La question de Morlaix suscite l’ire des Etats, pour qui cette cession « verroit une félonnie angloise, laquelle se rendroit maitresse de la mer, et de toutes les négotiations maritimes. »689 Dans le même temps, Elizabeth Ière réclame régulièrement la cession de ce port, justifiant les craintes d’Aumont et des Etats.

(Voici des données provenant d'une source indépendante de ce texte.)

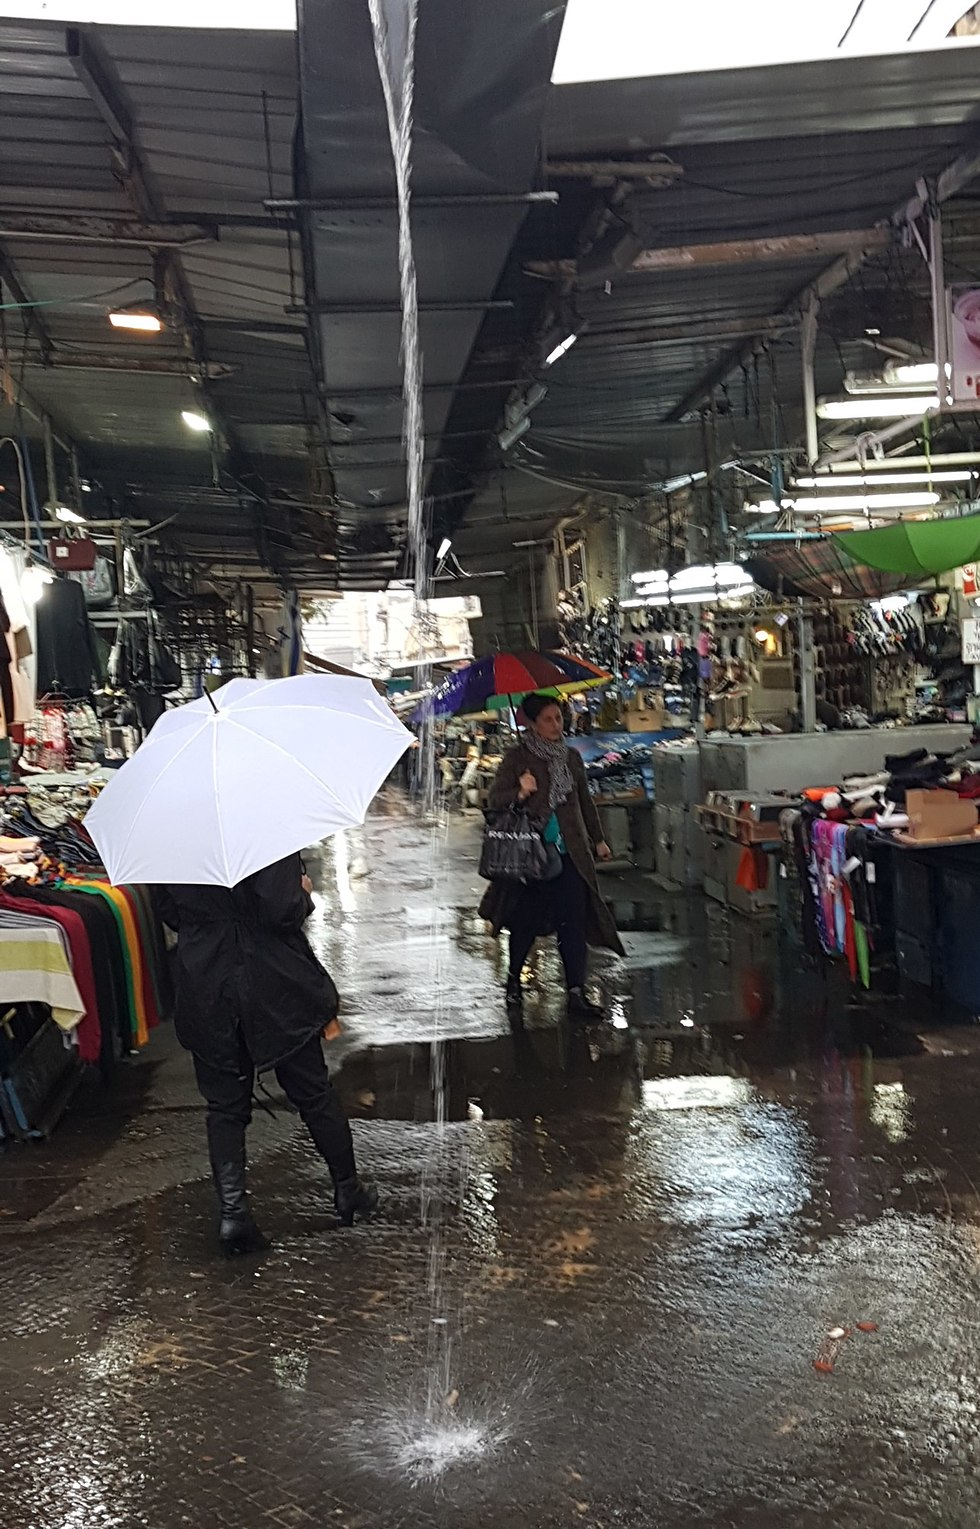 Raining at Carmel Market in Tel Aviv (Photo: Baruch Bar-Av)

Le compromis vole cependant en éclat une fois le fort de Crozon détruit. Les Espagnols n’ont plus les moyens de retenter de prendre Brest, et la présence anglaise en Bretagne n’est plus justifiée par l’impératif de sécurité des Home Islands. Le corps expéditionnaire est donc retiré, bien que Duplessis-Mornay conserve un espoir « d’envoyer un homme de qualité, bien entendu aulx affaires de la province vers la royne d’Angleterre, pour la disposer par ung nouveau traicté à redonner des forces à ceste province. »690

II)

L’importance de l’augmentation des ressources

Les coûts de la guerre sont à la fois un fardeau à supporter par la province pour soutenir l’armée, mais ceux-ci sont également une charge pour les autres belligérants. La concurrence entre les différents partis pour les ressources, notamment financières est l’un des moteurs de la guerre civile.